Did Christ merely remove condemnation? Or did he positively secure the righteousness necessary for eternal life? The biblical answer is the latter. Humanity needed more than forgiveness. Humanity needed righteousness. Adam failed to provide it. Israel failed to provide it. Every human being has failed to provide it. Only Christ succeeded.

As Hodge writes, believers rely for acceptance with God “not on himself but on Christ, not on what he is or has done, but on what Christ is and has done for him.”⁷ This is why Jesus had to live.

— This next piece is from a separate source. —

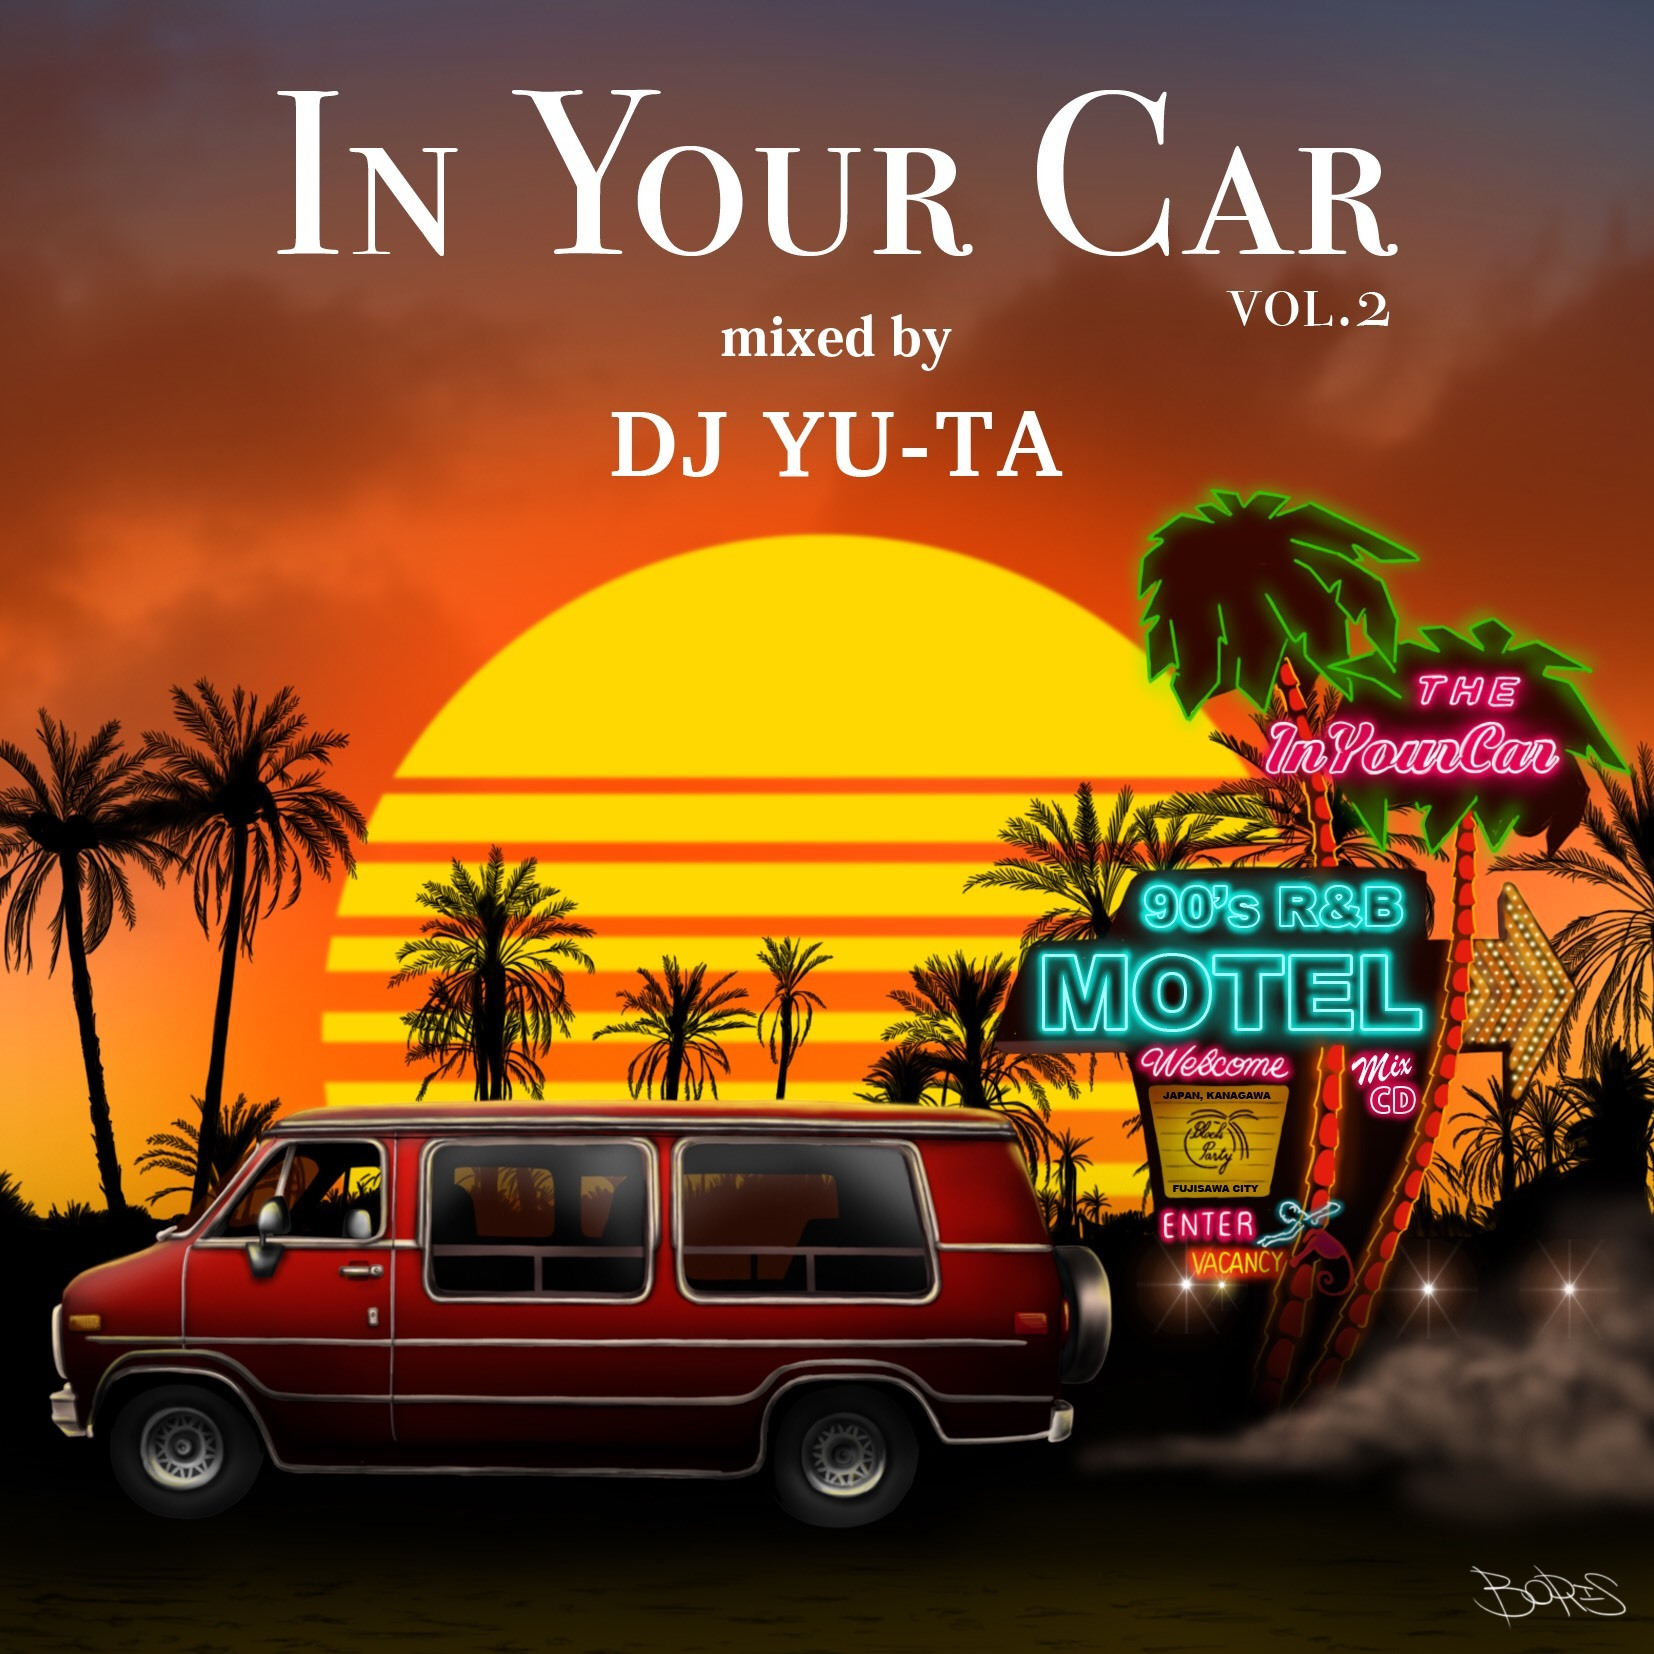 [MIX CD] DJ YU-TA / IN YOUR CAR Vol.2

His life was not merely preparation for the cross. His life was part of the saving work itself. The obedience rendered throughout his earthly ministry belongs to the righteousness that justifies God’s people.

Conclusion

The question with which we began now has an answer. Why did Jesus have to live? Because sinners need more than pardon. They need righteousness.

The Son entered history as the last Adam, the true Israel, and the obedient Son. He fulfilled every demand of God’s law and accomplished every task entrusted to him by the Father.

God does not merely forgive believers. He justifies them. He declares them righteous. Not because they possess righteousness in themselves, but because they are united to the One who is their righteousness.

Jesus did not merely die for his people. He lived for them. And because he lived for them, God can forever declare them righteous in his sight.

Notes

  1. Charles Hodge, Systematic Theology, 3 vols. (Grand Rapids: Eerdmans, 1871–73), 3:141.
  2. Michael Horton, The Christian Faith: A Systematic Theology for Pilgrims on the Way (Grand Rapids: Zondervan, 2011), 491.
  3. John Calvin, Institutes of the Christian Religion, 2.16.5.
  4. Horton, Christian Faith, 492.
  5. Herman Bavinck, Our Reasonable Faith, trans. Henry Zylstra (Grand Rapids: Eerdmans, 1956), 336.
  6. Hodge, Systematic Theology, 3:144.
  7. Hodge, Systematic Theology, 3:142.